Opinión | Espejo convexo

Palabra dada

Don Benito es un claro ejemplo de la política actual y la actitud del PP carente de toda coherencia

Decía el primer ministro sueco Olof Palme que la política debía ser sinónimo de amor y de servicio, y no de ambición y poder; hago alusión a esta afirmación mientras asistimos a la situación que en Don Benito se está produciendo, cada vez más enrarecida, pero también, nada extraña en los tiempos que corren. En Don Benito tras las pasadas elecciones municipales, el PSOE dejó de gobernar a pesar de haber ganado las elecciones, un pacto entre el Partido Popular y Siempre Don Benito, el partido que surge a raíz de una asociación compuesta por personas de diferentes sensibilidades, pero unidas ante una misma causa, evitar la fusión entre Don Benito y Villanueva de la Serena. La tensión social que se está viviendo en esa localidad es producida por uno de los golpes más duros que se han dado contra la voluntad popular de un pueblo. El día que las y los dombenitenses tuvieron la oportunidad de votar en una consulta legal para decidir si su pueblo se fusionaba o no con Villanueva de la Serena el 66% de las y los votantes decidieron que sí se debía fusionar su pueblo con Villanueva de la Serena. Y tan solo un 35% votó en contra de dicha fusión. Si la consulta no fue suficiente en las elecciones municipales, los partidos políticos que votaron por la fusión obtuvieron más del 60% de los votos. Sin embargo, el Partido Popular de María Guardiola decidió torcerle la mano a la democracia y llegar a un acuerdo con el partido que reivindicaba el no a la fusión. La acrobacia política de los populares sería esperpéntica si no perjudicase a los intereses de las y los ciudadanos de Don Benito porque no solo rompe su posicionamiento, sino que entregan el poder a quiénes han atacado a la voluntad mayoritaria.

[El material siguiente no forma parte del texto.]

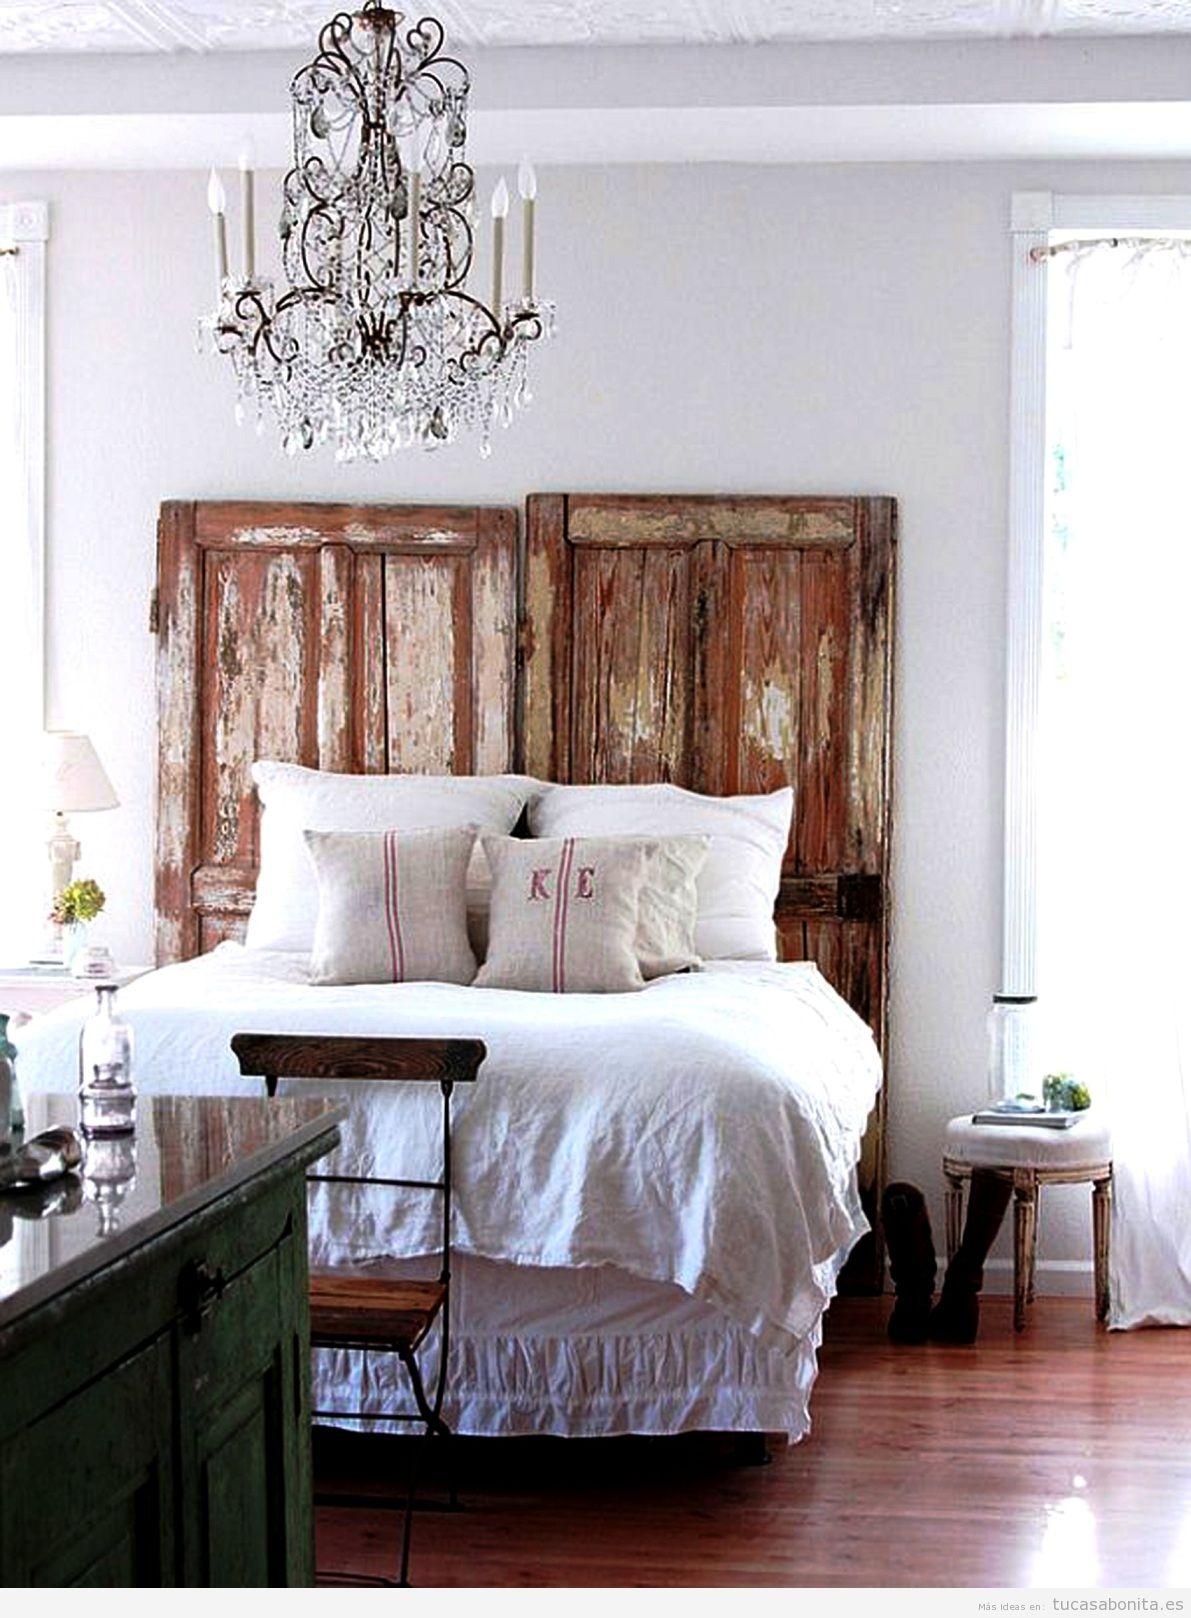 Cabeceros de cama decorados tableros puertas y ventanas - Decorar cabecero cama ...

Fue el sociólogo polaco Zygmunt Bauman quien acuñó el término «modernidad líquida» para augurar la sociedad que venía. La modernidad se caracteriza por «tiempos cortos y valores líquidos, flexibles, volubles e inestables», aunque como le gusta repetir a una amiga, ya no es líquida, es gaseosa.

El caso de Don Benito es un claro ejemplo de la política actual y la actitud del Partido Popular carente de toda coherencia. El martes se cumplieron 45 años de la Constitución, al ser preguntado uno de sus padres, Miquel Roca, sobre la esencia real de la Constitución, este contestó que lo que pretendieron desde un principio fue redactar un texto para que perdurase en el tiempo. Se cumplió la misión, fue incluyente, el pueblo español la votó y España se convirtió en el país que es hoy. Todo funcionó porque todo el mundo cumplió con lo acordado. En Don Benito solo permanece el PSOE en el lado correcto de la palabra dada.